Beginning with the line of the entries below that holds "JACK & Jones" and ending with the line that holds "Orzo Bimbo Orzo solubile 100% italiano", transcribe each line exactly as written. Pictures stay out.

▶ **Given records**
▼

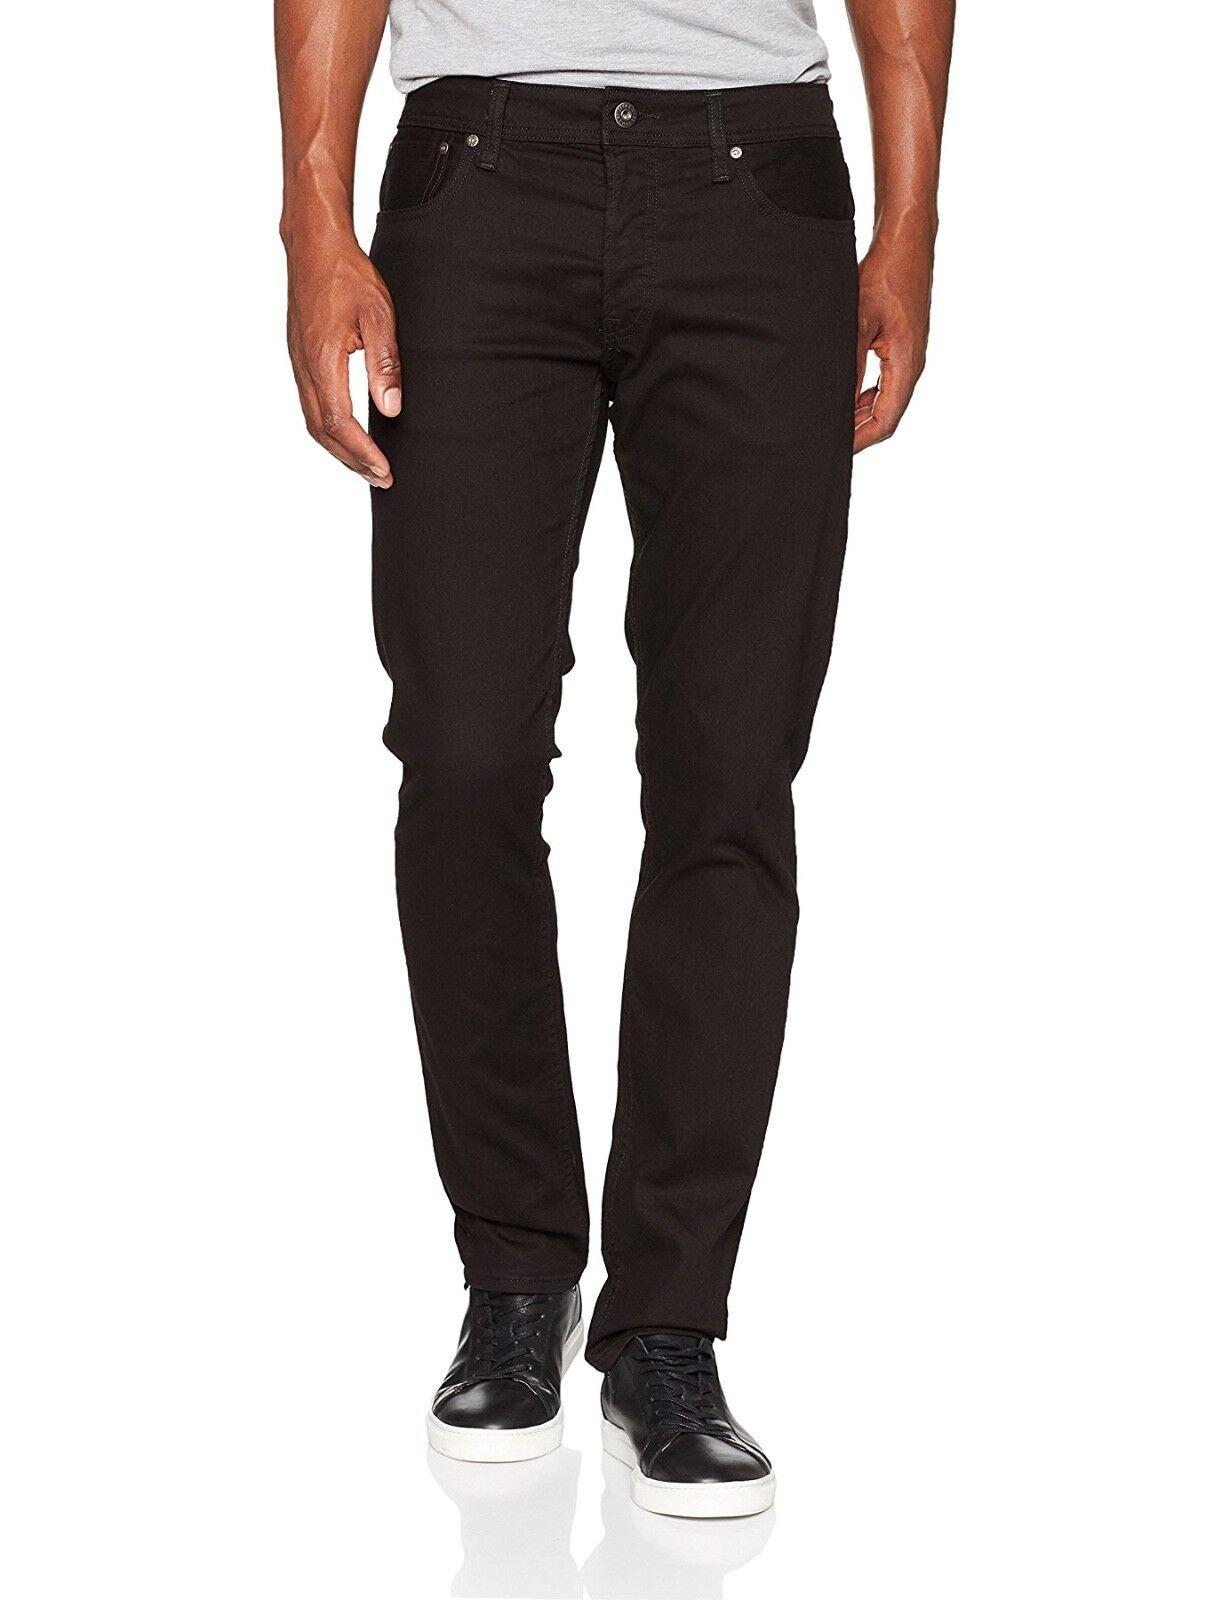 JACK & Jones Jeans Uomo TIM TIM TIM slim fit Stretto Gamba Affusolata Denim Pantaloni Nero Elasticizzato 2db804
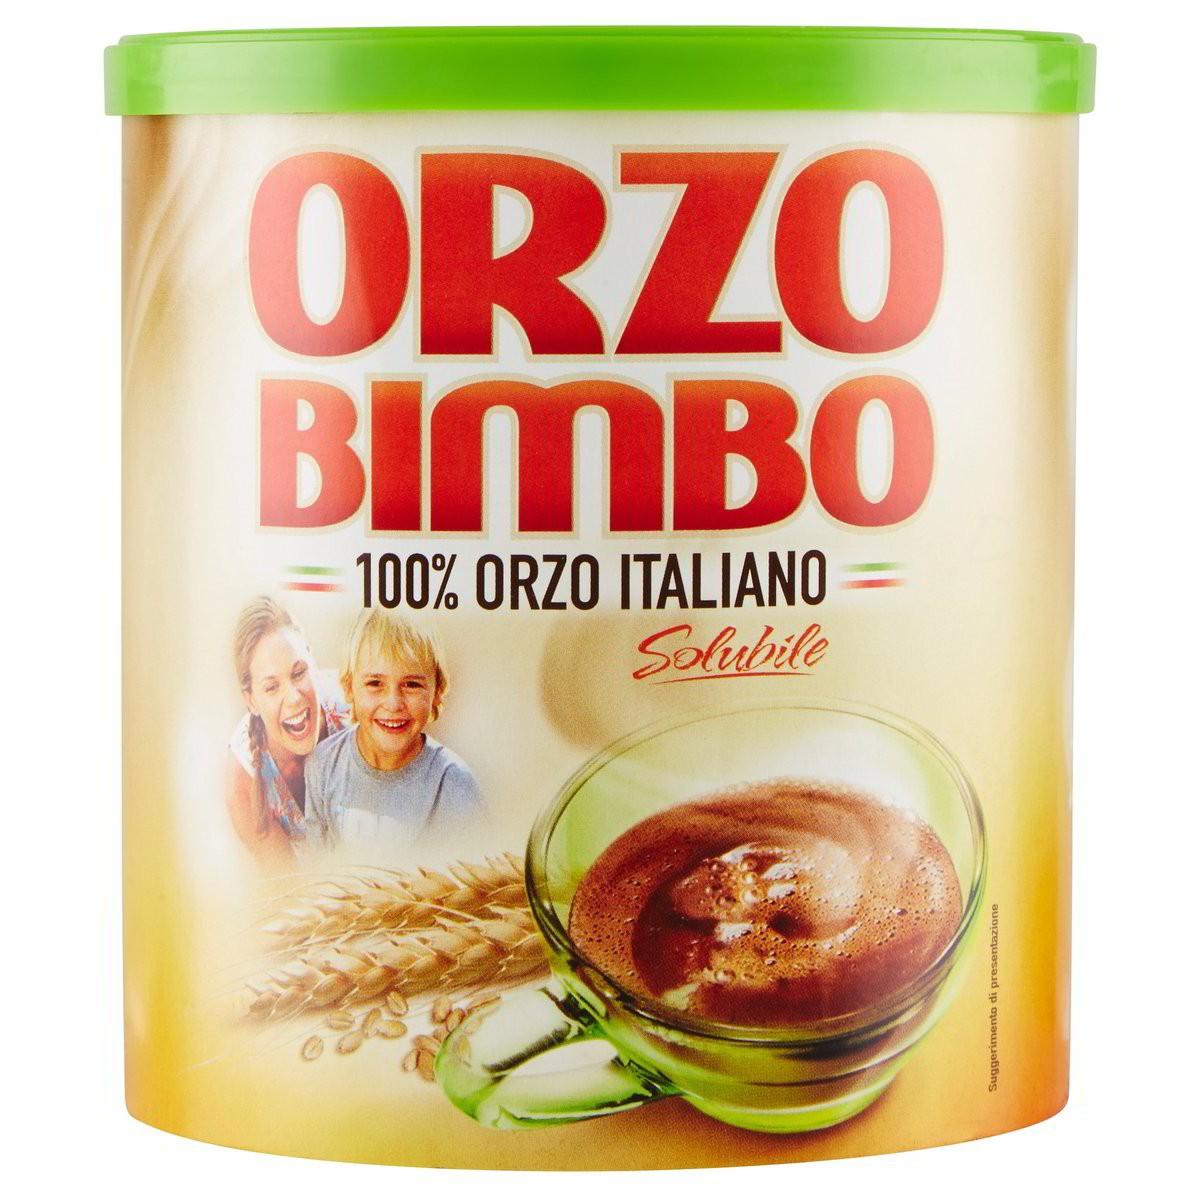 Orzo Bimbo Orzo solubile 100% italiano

▲
▼

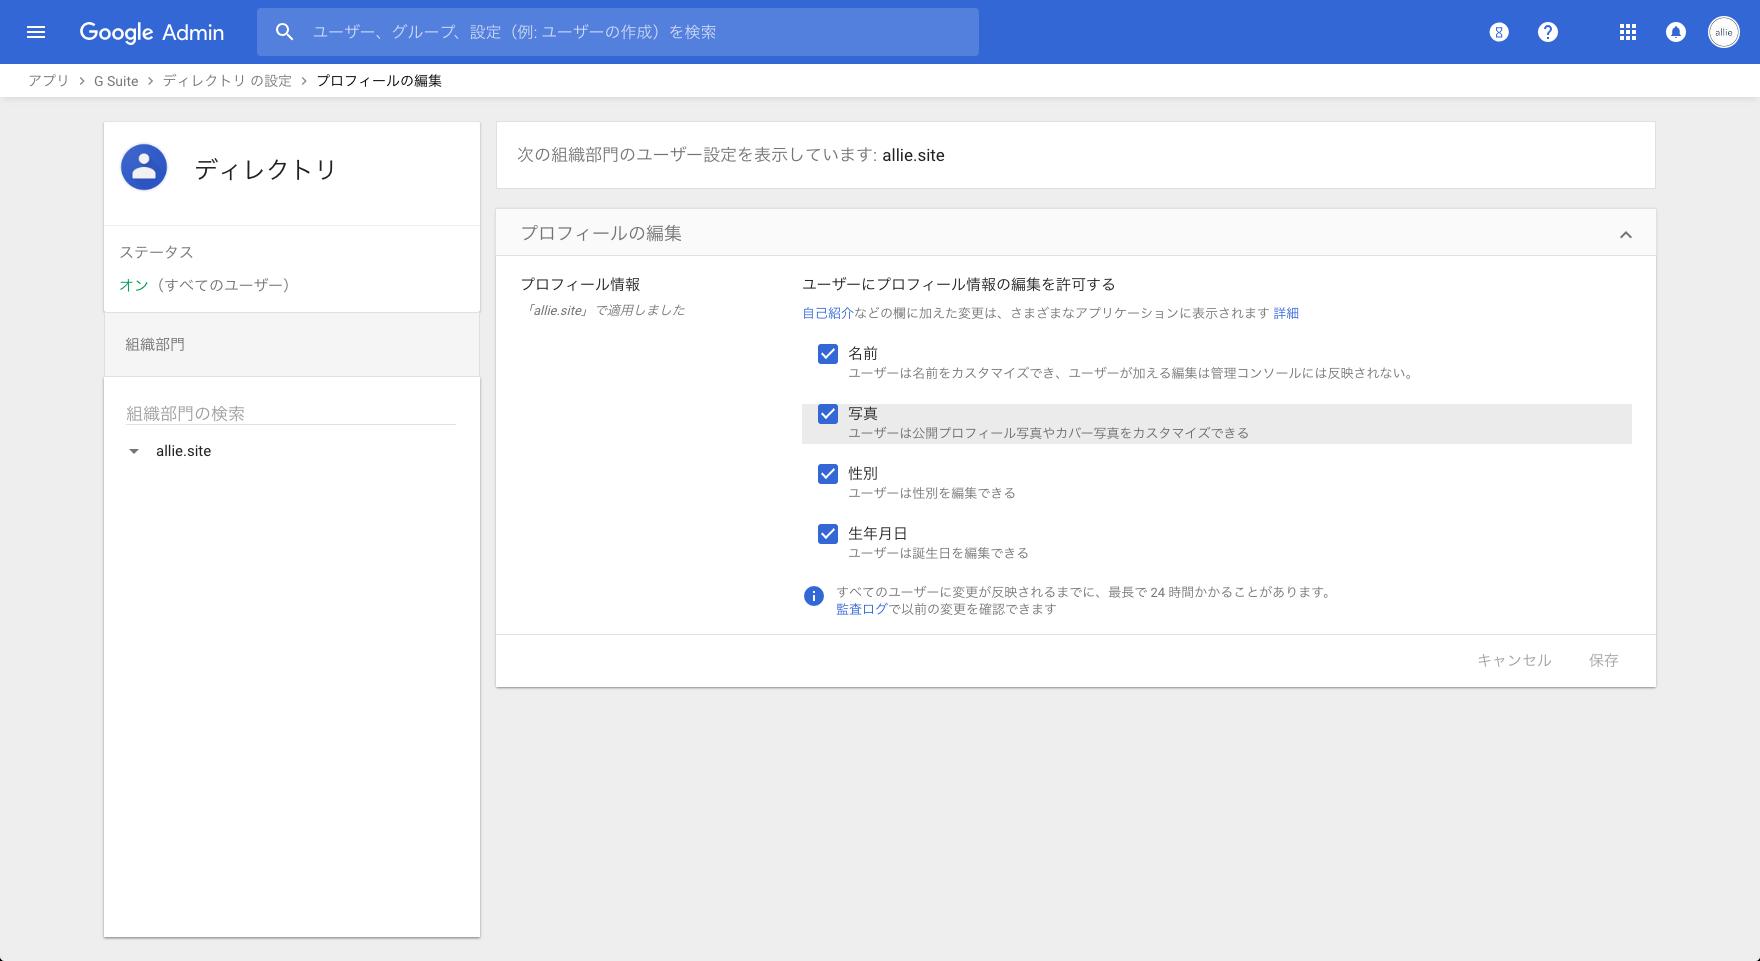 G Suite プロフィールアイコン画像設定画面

▲

▶ **Task result**
 JACK & Jones Jeans Uomo TIM TIM TIM slim fit Stretto Gamba Affusolata Denim Pantaloni Nero Elasticizzato 2db804
 Orzo Bimbo Orzo solubile 100% italiano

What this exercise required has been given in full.